Всё это со смешками вспоминалось потом зимними вечерами у мамы на Моховой или у Ариадны Всеволодовны на Некрасова, бывшей Бассейной (как раз рядом с тем местом, где когда-то были вырыты «бассейны», питавшие фонтаны Летнего сада). Много смеялись мы и тогда, в канун Старого нового года, — вспоминали, как заблудились в лесу, поднимали бокалы за нашу «заклинательницу змей». И ведь ничто, как говорится, не предвещало, Ариадна Всеволодовна была, как всегда, весела и остроумна. Рассказывала о своей артистической молодости, о сыгранных спектаклях, о покойном муже, партнёре по сцене — двухметровом красавце, похожем на Петра Великого. Себя Ариадна Всеволодовна на этом основании иногда в шутку именовала Екатериной Алексеевной, но мы промеж себя за глаза звали её Ларисой Дмитриевной — за красоту, артистизм и умение, как выразился кто-то из гостей, «одним своим присутствием создавать атмосферу праздника». И вот, в разгар такого праздника она вдруг заговорила со мной об этой проклятой книге.
Только потом, спустя годы, я пойму: это было начало. У каждого, по-видимому, это происходит по-своему, у неё начиналось так. Очень медленно, очень постепенно нечто холодное, нечто окончательное, неотторжимое вползало в эту прекрасную во всех отношениях голову, и не нашлось заклинателя, который остановил бы эту змею, в сравнении с которой серая Анфиса и прочие псковские гадюки кажутся мне теперь милейшими существами.
Я думал об этом в тот день на даче, сидя на вишнёвом пеньке и глядя на неё, царственно восседавшую под старой туей. Я не мог знать, что вижу её последний раз. К тому времени она давно уже забросила свой маленький антрепризный гешефт — силы были уже не те. Жила старыми накоплениями, небольшой артистической пенсией и тем, что время от времени присылал ей из Голландии сын. Помню, он приезжал — седой рослый красавец под стать своему покойному отцу, — привозил двух шустреньких белокурых девочек, почти не говоривших по-русски и на бабушку совсем не похожих. По его настоянию и при его денежном участии Ариадна Всеволодовна переселилась из уютнейшей своей квартирки на бывшей Бассейной в двухэтажный дом с колоннами на Петровском острове, возле Малой Невки, где ей, по её словам, жилось вполне вольготно. Там она возглавила общество престарелых актрис, под её верховенством отставные жрицы Мельпомены ставили спектакли, играли в преферанс, устраивали пирушки со столь любимым их предводительницей шампанским.

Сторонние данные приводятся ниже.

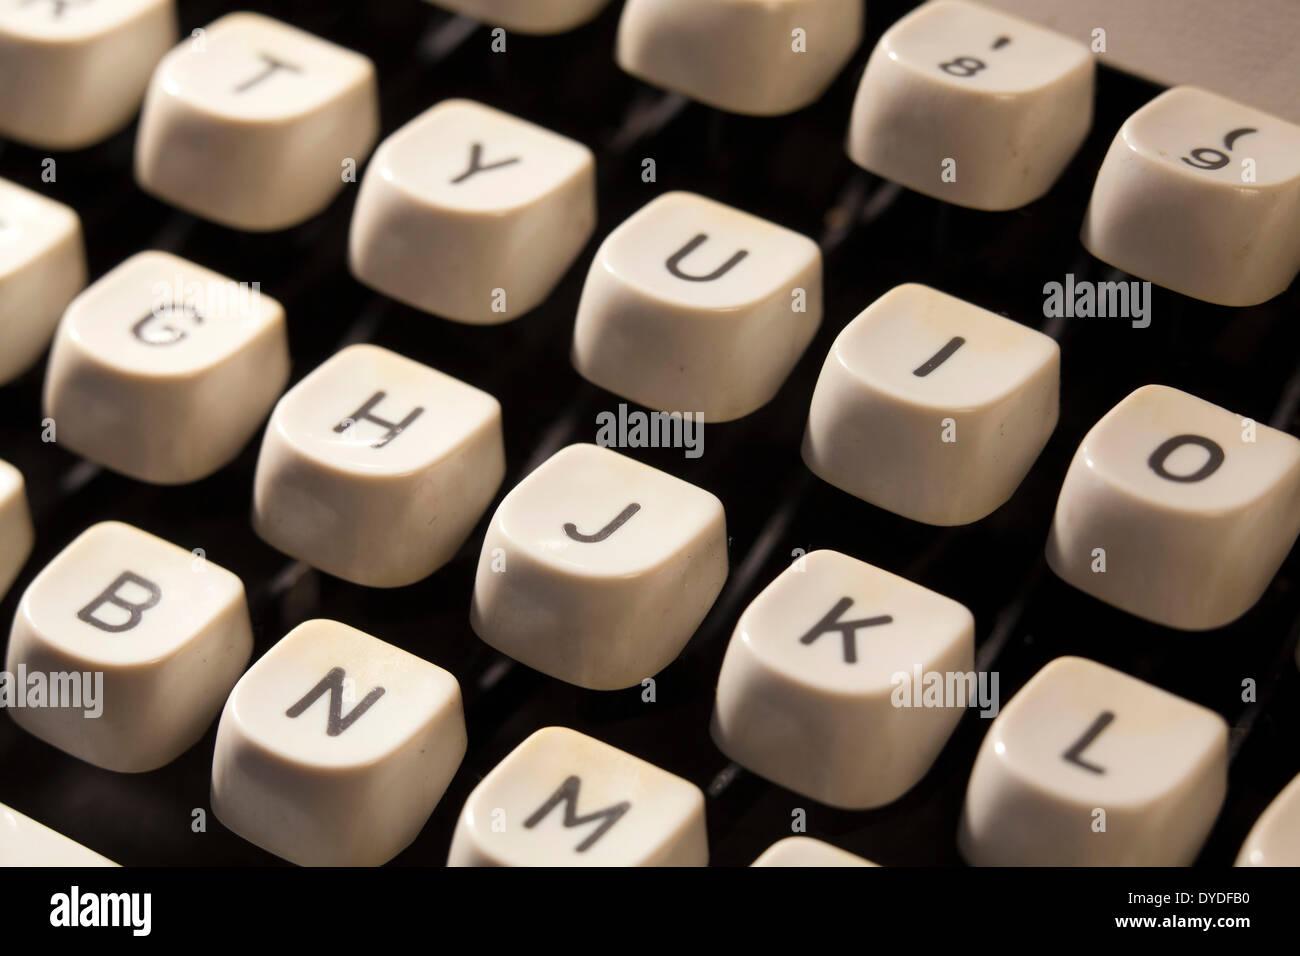 Teclas de máquina de escribir manual de cerca. Foto de stock

Их общение с мамой не прекратилось, но встречались они всё реже — пропускались «именины», Новые и Старые Новые годы и прочие праздники — что меня и огорчало, и радовало, ведь я был избавлен от необходимости прятать глаза и оправдываться за то, чего не совершал. Поездки на Псковщину, разумеется, закончились. Подруги ограничивались телефонными поздравлениями, а потом и разговоры на расстоянии стали редкостью.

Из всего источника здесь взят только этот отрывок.